* The task *
What I need is an exact repeat of the lines from the one with "Crystal marquees for" through the end of the listing below. Leave out every picture.

* Collected data *
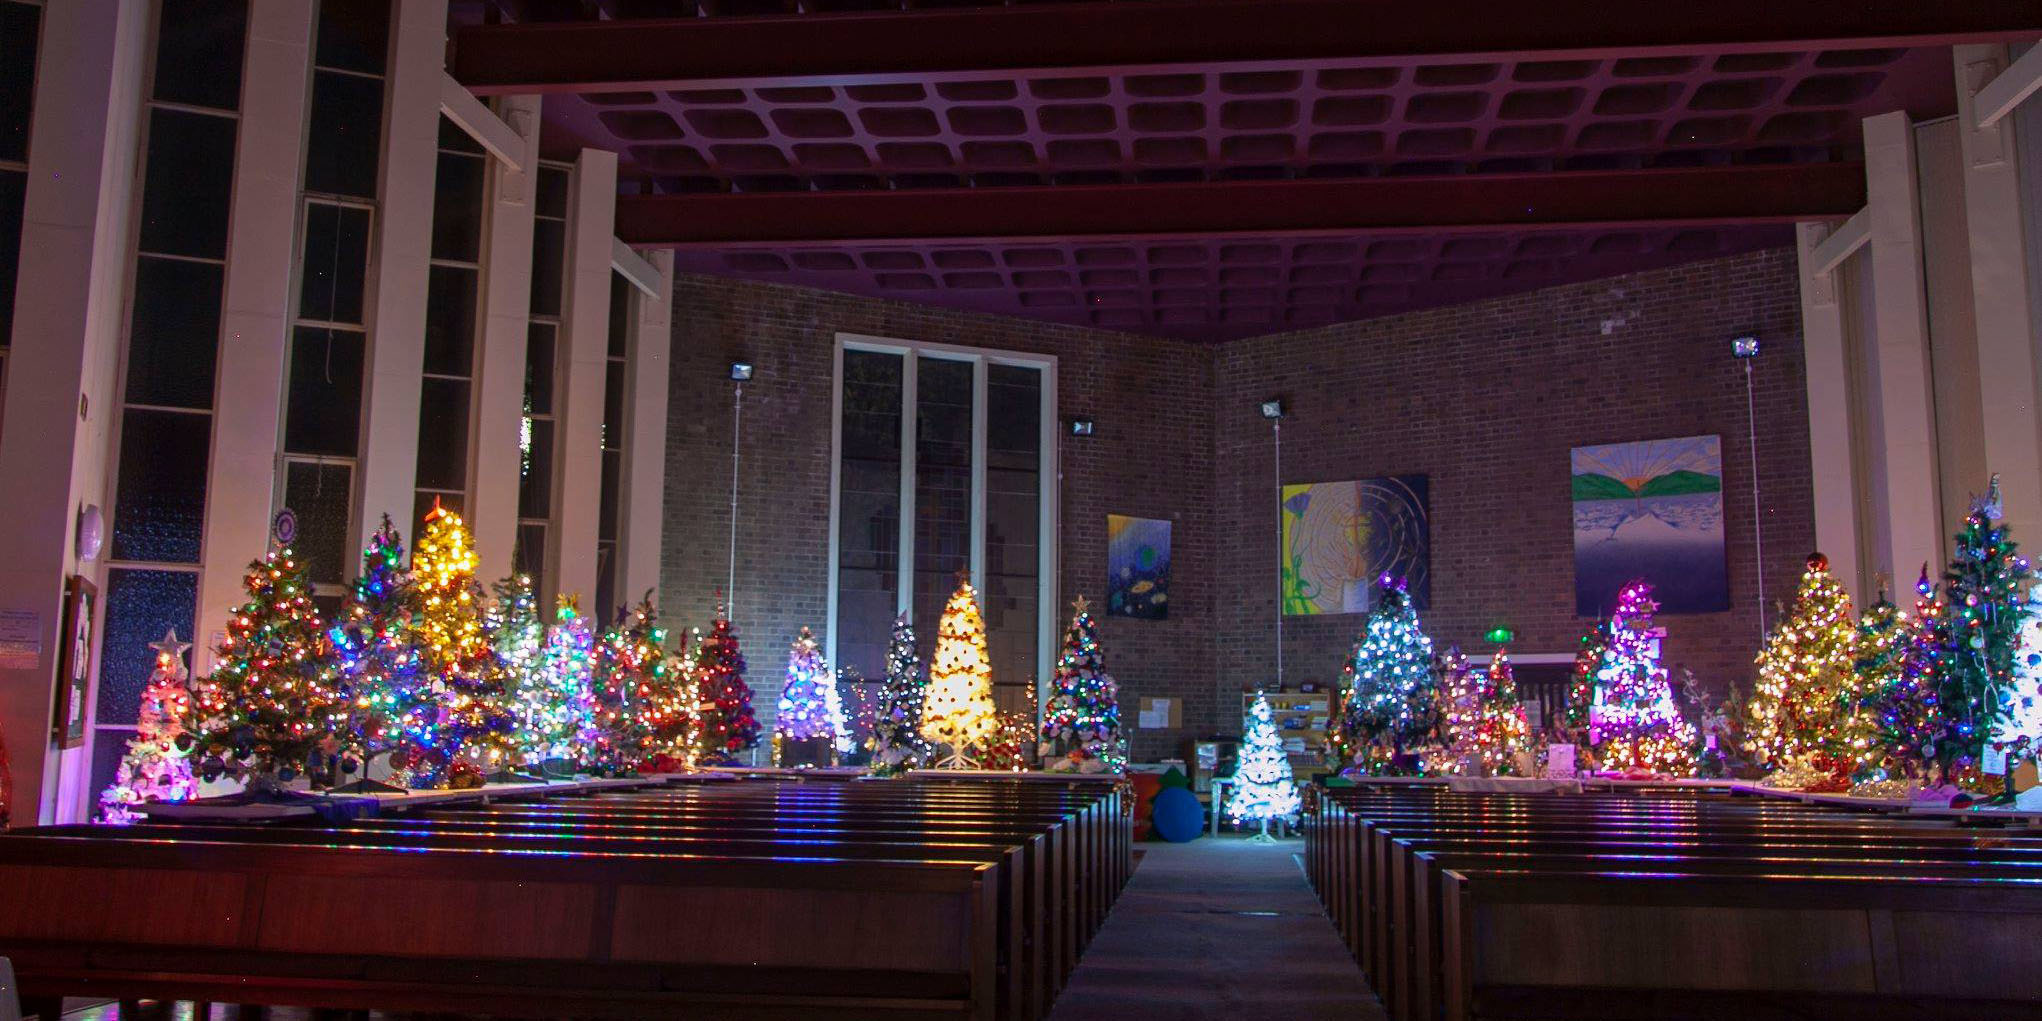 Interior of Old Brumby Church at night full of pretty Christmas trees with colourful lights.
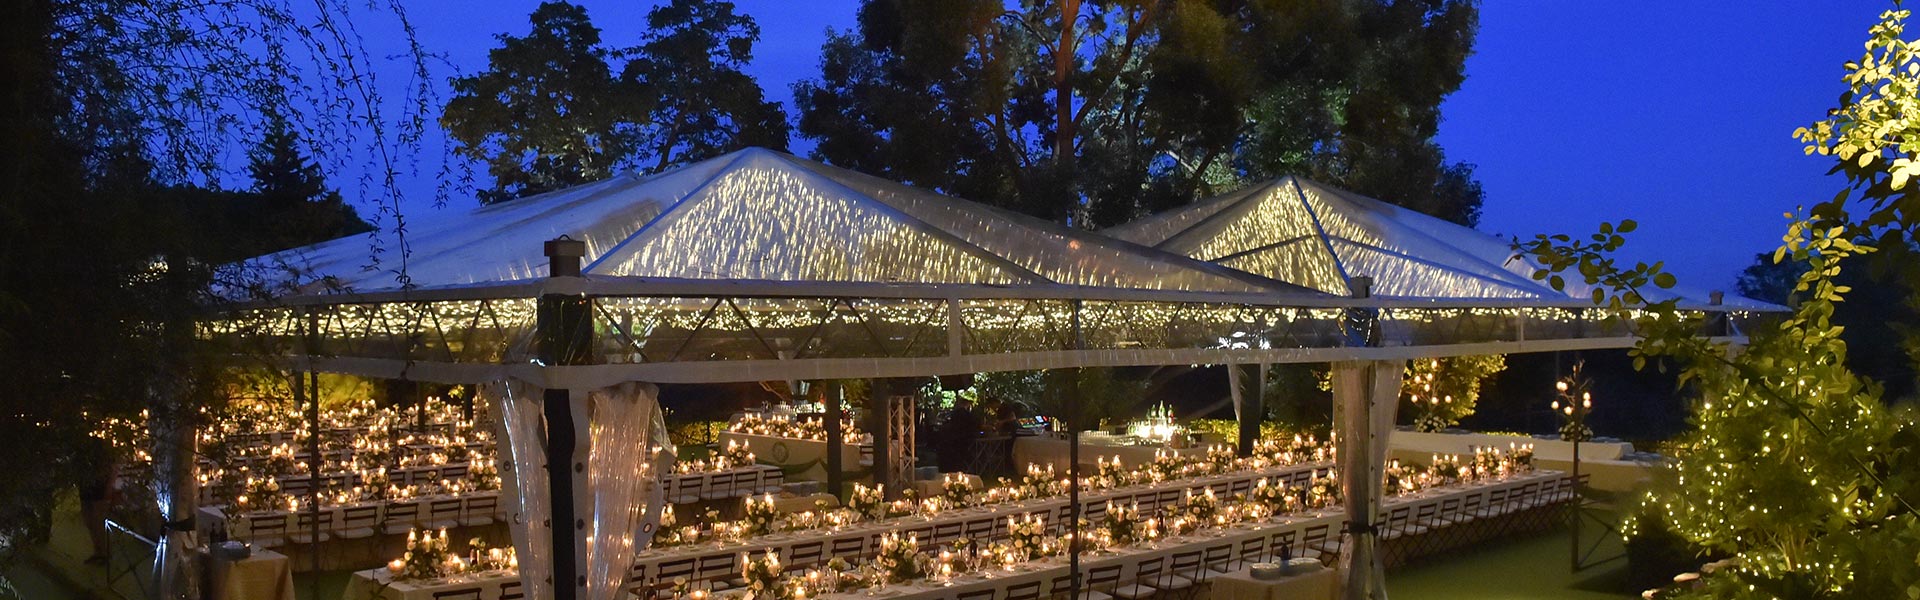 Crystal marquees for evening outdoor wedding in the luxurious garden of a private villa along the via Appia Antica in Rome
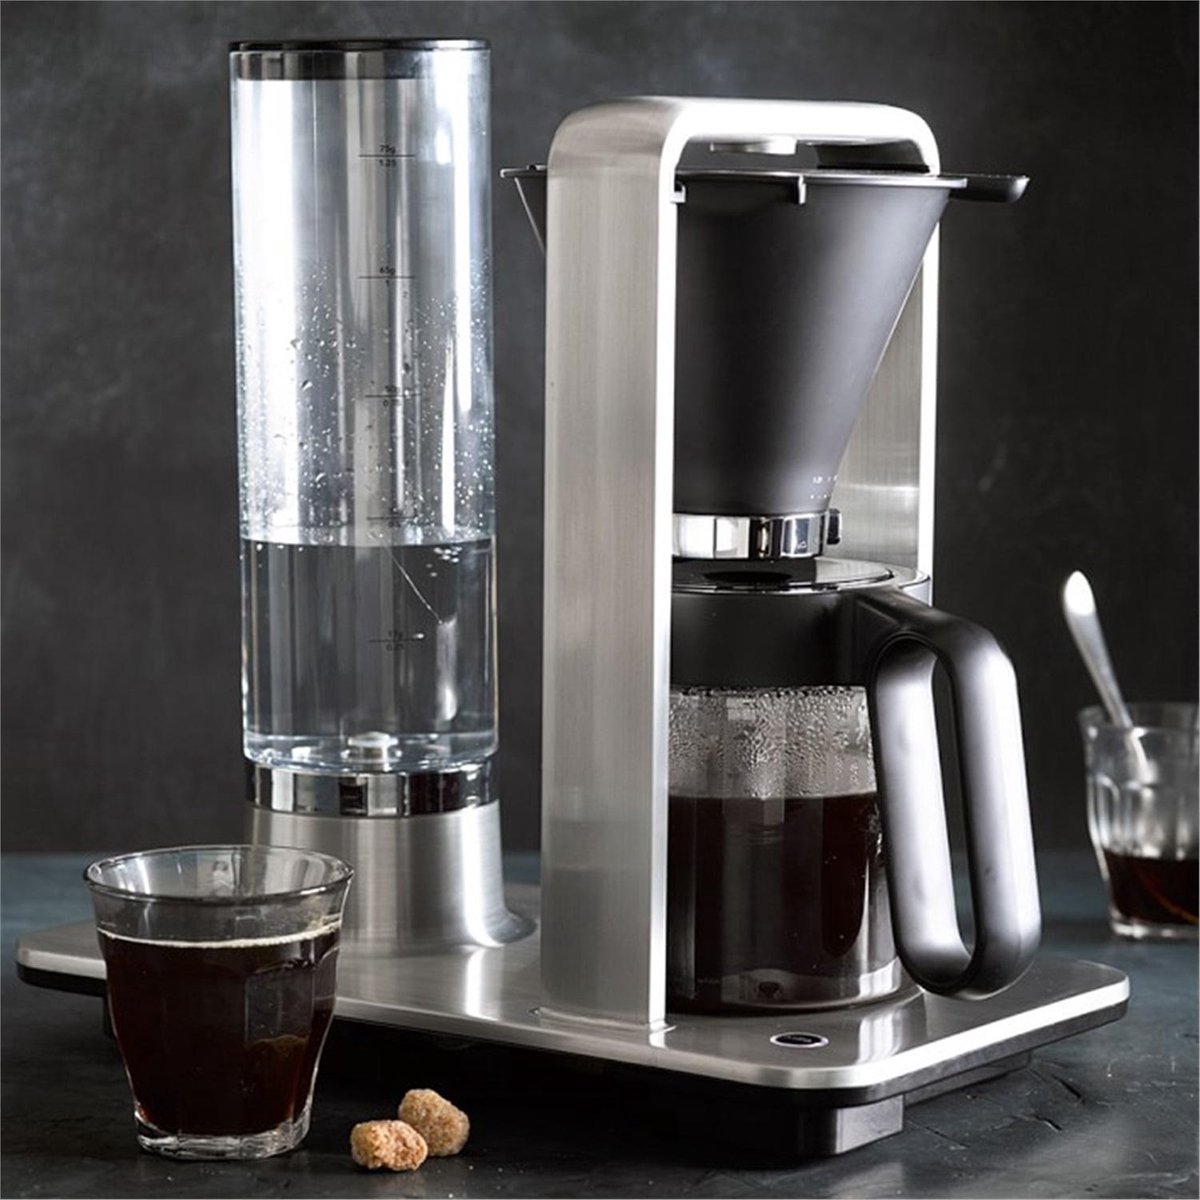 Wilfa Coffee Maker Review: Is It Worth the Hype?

* Answer section *
 Crystal marquees for evening outdoor wedding in the luxurious garden of a private villa along the via Appia Antica in Rome
 Wilfa Coffee Maker Review: Is It Worth the Hype?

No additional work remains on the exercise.